Dignity

Ours is becoming an undignified culture.

I’m not referring solely, or even primarily, to the protests, looting, riots and general hair-rending now so conspicuously on display in our cities and media. Nor am I narrowly focused on the lurid absence of self-restraint, sexual and otherwise, in our public culture – or even on the astonishing speed with which we are going ever-more deeply into debt as a nation. Those I see more as symptoms than as causes of the debasement of our culture.

One fundamental cause, I am convinced, is our culture’s gradual abandonment of the twin virtues of self-reliance and self-respect as the hallmarks of personal maturity. Another, closely related to the first, is the new (or, perhaps I should write, very old, as in: pre-Enlightenment) tendency to see people first and foremost as members of permanently separated groups, each of which has its particular entitlements, rather than as individuals possessing their own rights, one of which is to determine their own paths in life based on their particular merits, efforts and decisions.

Personal dignity was once prized. “Never complain; never explain,” was Disraeli’s maxim – an attitude that helped people “keep calm and carry on” in the face of adversity. And, as recently as my parents’ generation, Americans (and many others) faced adversities – the Depression and World War II – almost beyond the imagining of today’s young people.

I sometimes wonder what that generation – now almost entirely gone – would’ve thought of the whining of today’s young. Trigger warnings and safe spaces had different meanings for them – and nothing, up to and including food on the table, was to be taken for granted.

But I don’t think it’s the absence of such adversities, per se, that caused the relatively sudden, dramatic shifts in our culture. Young leftists aren’t toppling statues and throwing Molotov cocktails at police cars because they’re pining for a new world war or another depression. They’re doing those things because destroying the symbols of our traditional culture helps them feel good about themselves, which they hadn’t. They now have a purpose, though not one we should celebrate.

***

I trace the nihilism of the young, would-be revolutionaries – and that’s what they are – to the horrifying ways that two or three threads of our recent history and present circumstances are coming together.

The first of these threads is the precipitous decline of belief in traditional Judeo-Christian faith traditions among America’s educationally-credentialed elites – and the constant derision in our public culture directed at those who hold to such faiths.

Most people need to find meaning – a sense of purpose – by seeing their lives in a broader context than simple solipsism or materialism; traditional faiths provide(d) that context. In the absence of such faiths, people will unconsciously substitute newer, (more destructive) ones like Marxism or radical environmentalism, in either case mistakenly thinking that they are following the dictates of Science. By so doing, knowingly or otherwise, they reject the codes of right and wrong, going back to the Ten Commandments, that formed the basis of our social compact and civilization by according equal dignity to every person. The dignity or rights of any particular individual are weighed as nothing in the broader calculus of the newer religions; their mantra is that the goal of the common good as they see it justifies their means, however hard on some.

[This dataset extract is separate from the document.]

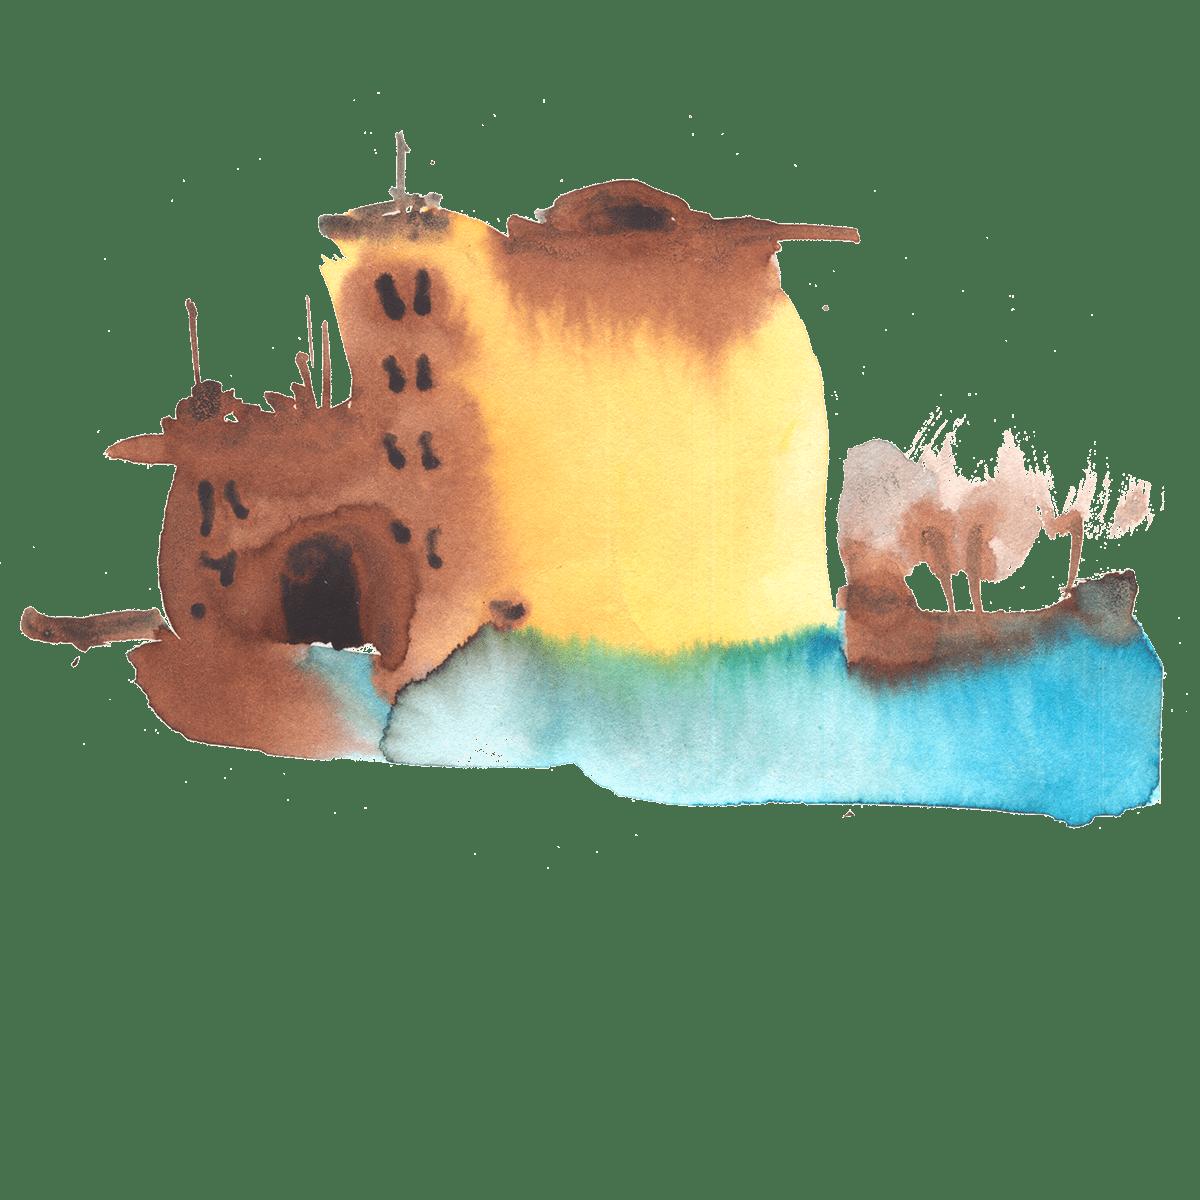 architacture graphic houses watercolor акварель архитектура графика питер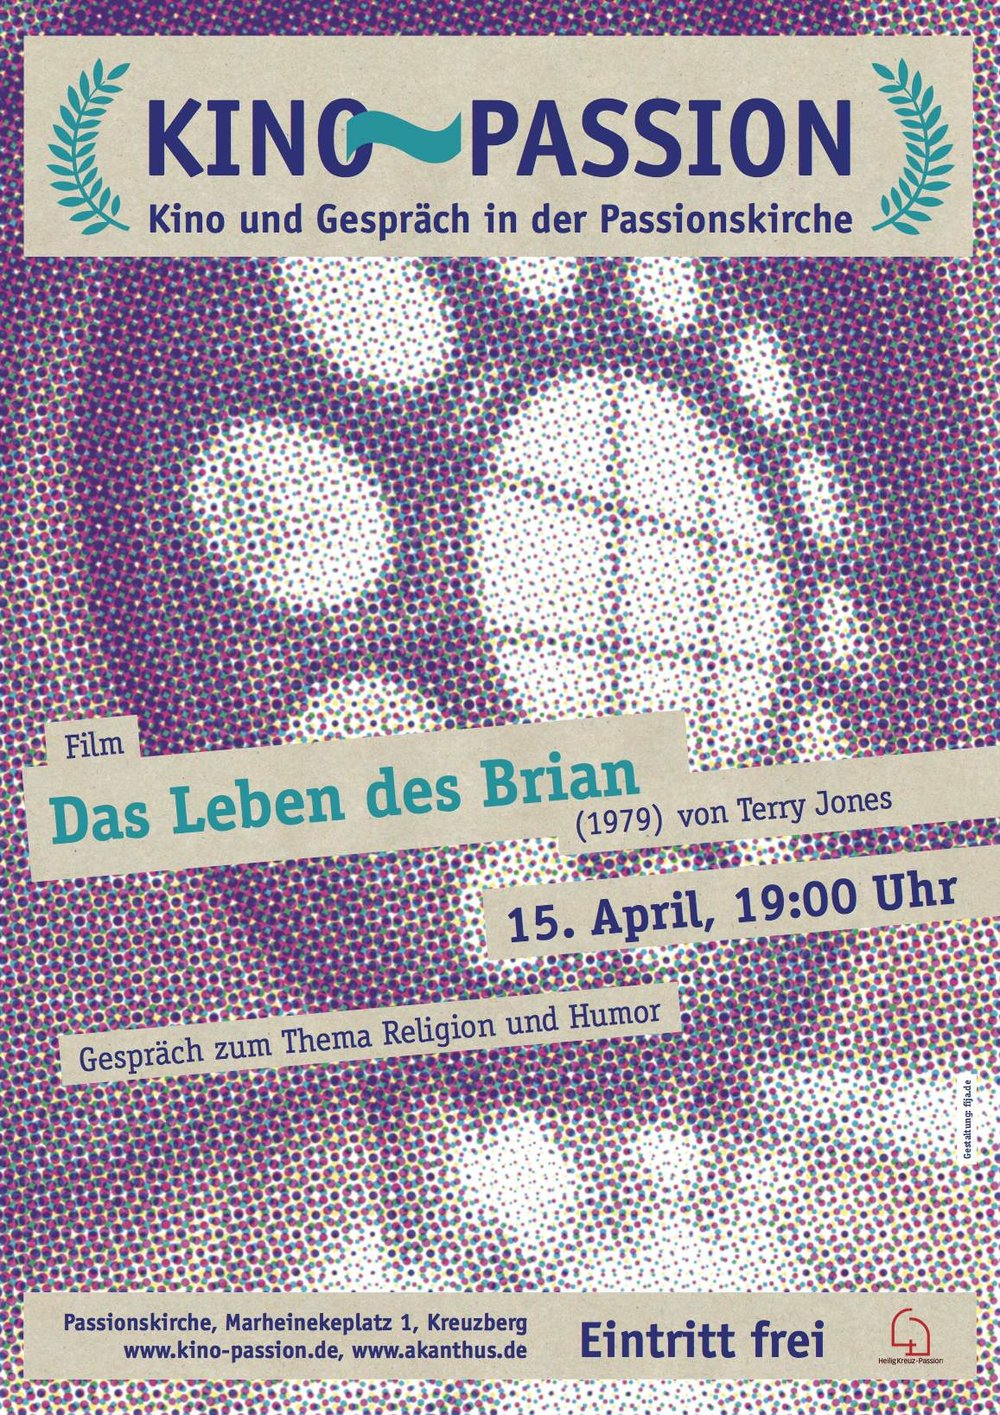 99_Kino_Passion_Das Leben des Brian.jpg

The second thread was the transformation over the last sixty or eighty years of our nation into what may broadly be described as an entitlement state. If you meet certain criteria, you are entitled certain benefits, in many cases irrespective of whether or not you need or paid for them. If you’re old, you’re entitled to Social Security and Medicare even if you’re Bill Gates. If you’re a member of a group deemed to be disadvantaged or under-represented, you’re entitled to certain admissions or hiring preferences, again, whether or not you, in particular, have been disadvantaged relative to somebody else who isn’t entitled to the same preferences by virtue of his or her group membership. What matters is not your merits, it’s your membership in a designated group. Where victimhood has tangible benefits, it will naturally be prized, even (or in such cases, especially) at the expense of personal dignity.

Finally, the new combination of technological savvy as a relentless economic sorting device and a public education system that – for almost all of the poor and many non-poor – is irredeemably broken, deprives millions of the personal dignity that accompanies hope. For many members of our new underclass, who face the many nonsensical, culture-changing incentives of the entitlement state and often insuperable obstacles to improving their circumstances, anger and lawlessness can come naturally. The deck is stacked against them, and they know it.  

***

Deep down inside, we bear profound resemblances to each other. We have basically the same physical needs and very similar psychological needs. (Our cultures vary, but that’s another matter). The amazing wealth our society has produced has met most Americans’ physical needs to an extent that previous generations would never have believed possible. Where we are falling down, I believe, is in meeting the psychological needs of an increasing percentage of Americans for the sense of personal dignity that flows from the freedom to choose one’s own path and the reasonable hope of individual betterment.

We are individuals. We have agency as of right – Jefferson wrote about it, right there in the Preamble to The Declaration of Independence – until and unless we let it be taken away from us by a political system that treats us as no more and no less than members of arbitrary groups with entitlements and limitations defined thereby.

We must never forget that like rights, but not entitlements, dignity is personal.